23 de abril de 2012

Todo dia é dia de indio.

Cumuruxatiba situa-se no sul da Bahia e, provavelmente muitos de vocês ouviram recentemente, notícias sobre as manifestações dos indios pataxó em relação a PEC215. Para nós a celebração do dia do indio ganha importância na medida que muitos de nossos estudantes são da etnia pataxó. Foi assim que, a partir da roda de conversações, foi  proposta a realização desta celebração. Decidimos pelo dia 18 ao invés do dia 19 de abril pois alguns de nossos estudantes passariam este dia em suas aldeias.

Do dia 11 ao dia 18 de abril tivemos uma semana de atividades voltadas para as culturas indígenas.

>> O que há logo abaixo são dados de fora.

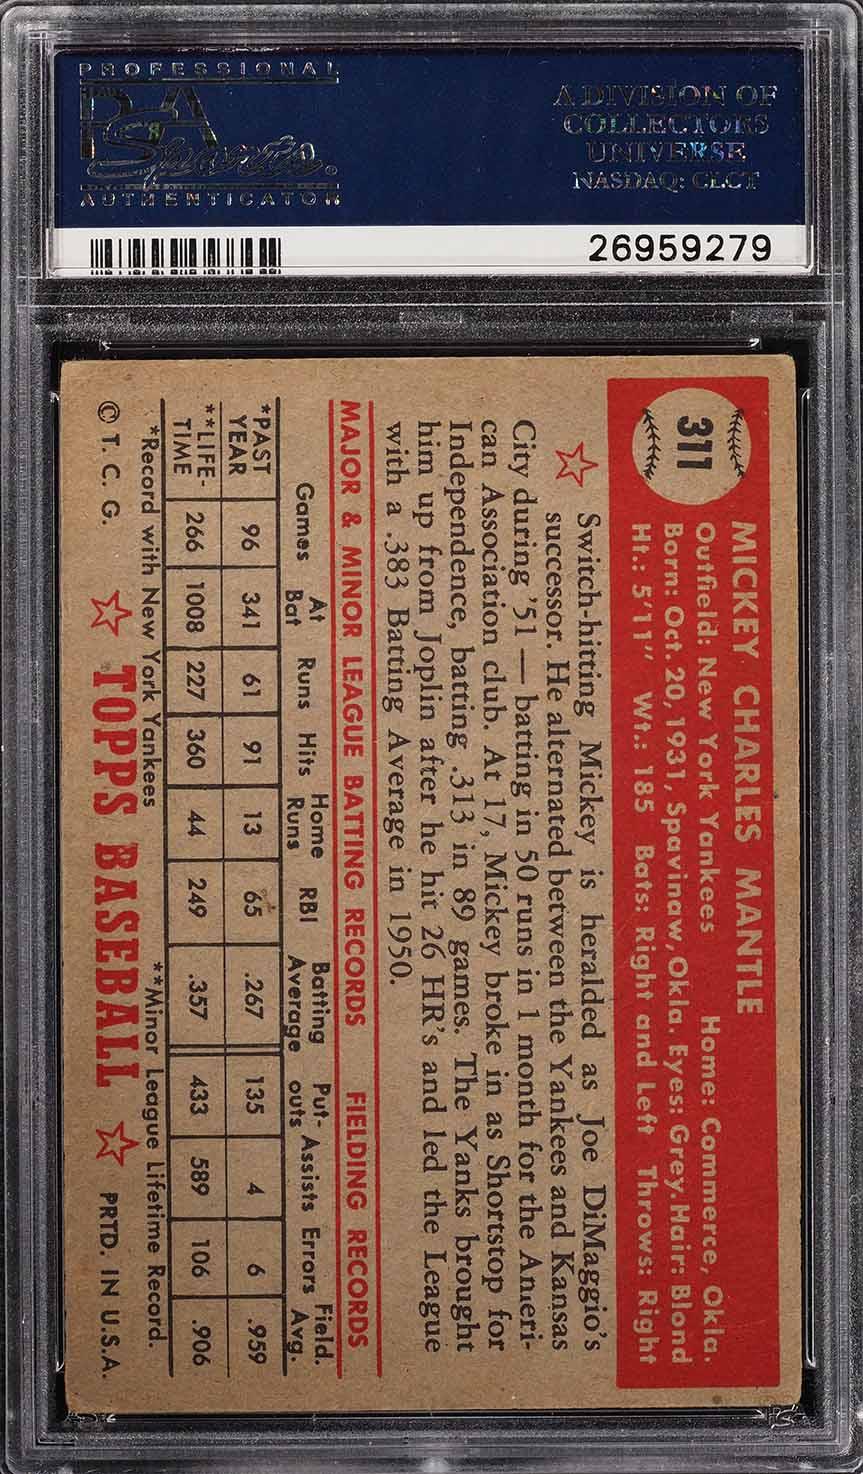 1952 Topps Mickey Mantle #311 PSA 3.5 VG+ (PWCC) - Image 2

Fabiana, Talita, Hiena(estudantes) e Gilda(educadora), coordenaram as atividades.
Tivemos oficinas de confecção de artefatos indígenas como arcos, flechas e cocás. As crianças curtiram muito as atividades.
Primeiro fomos colher as varas de ‘biriba’ usadas na confecção dos arcos. Cada um pegou a sua vara, descascou, envergou e amarrou. Depois os arcos foram pintados e ficaram muito originais.
Para a confecção de cocás coletamos penas e sementes.  E aproveitando papelão cortamos tiras para servirem de base para estes cocás e também para os braceletes. E para as meninas, bustiês com palhas de bananeiras.
As crianças trouxeram tangas e outros artefatos  que tinham em casa. Também alguns livros muito ricos que nos auxiliaram muito em nossos estudos.
Durante essa semana aprendemos a falar e a responder ‘boa tarde’ na língua Patxohã-Pataxó.
Boa tarde diz Itchê niató e responde miriaú. Também aprendemos duas canções ensinadas por Hiena, da aldeia Barra Velha e por Fabiana.  Aprendemos as canções na língua nativa e o significado das palavras.
No penúltimo dia da semana preparamos receitas da culinária indígena. Fabiana e Talita foram na roça e desenterraram mandiocas elas mesmas. Trouxeram uma grande quantidade de mandioca de bicicleta e ainda carregando Xauana (a bebê de Fabiana).
Preparamos receitas da culinária indígena de acordo com a tradição pataxó utilizando o livro de receitas trazido pela Talita, que é uma india pataxó. Neste livro tinha uma receita de sua avó Jovita (esposa do cacique Timborana da aldeia Cahy). Fizemos  o Cauím, bolo de mandioca, beju de massa de mandioca assado na palha de bananeira, mungunzá, bolo de coco, de canela e suco de genipapo.
No último dia realizamos uma festa e convidamos os pais e toda a comunidade para a festa. Fizemos uma exposição dos objetos confeccionados e da literatura. Fizemos uma fogueira e preparamos uma pequena peça de teatro.
As músicas dos Pataxó ficaram tocando enquanto os convidados chegavam. Todo o espaço foi decorado com folhas de coqueiros e até fizemos um cartaz aonde escrevemos ‘Aldeia Vila Escola’. Também fizemos um cartaz falando sobre a PEC215 porque durante a semana também conversamos sobre as lutas dos indios.
A festa foi muito gostosa. Todos nos emocionamos com as apresentações do teatro com a Hiena cantando. As crianças cantaram e dançaram com muita vibração ao som do maracá, e curtiram muito a festa. O seu Zé Fragoso (cacique da aldeia Tibá) nos emocionou ao agradecer a festa dizendo que não esperava ver a cultura indígena valorizada dessa maneira. E, para nossa alegria, recitou um poema de sua autoria:
“Olho para o leste e vejo o mar com sua cor de anil.
Olho para o oeste e vejo o verde com sua pequena floresta.
E o malvado bicho homem, com toda a sua sabedoria, todo o nosso ouro ele levou.
O que será hoje de nossas  crianças sem os nossos rios e a nossa educação?”
No encontro seguinte quando conversamos  sobre as atividades percebemos como as crianças se identificaram com tudo, como foi importante para elas que são em sua maioraia da etnia pataxó e manifestaram o desejo de continuarmos estudando as culturas indígenas, o que faremos, é claro.
Nessa semana também contamos com a ajuda preciosa de pais e amigos como Lulu, Rodinê, Ricardo, Gil, Bené, Anderson, Dolores e vários outros que direta ou indiretamente nos ajudaram. Obrigada a todos! Valeu mesmo! ( em breve postaremos as fotos).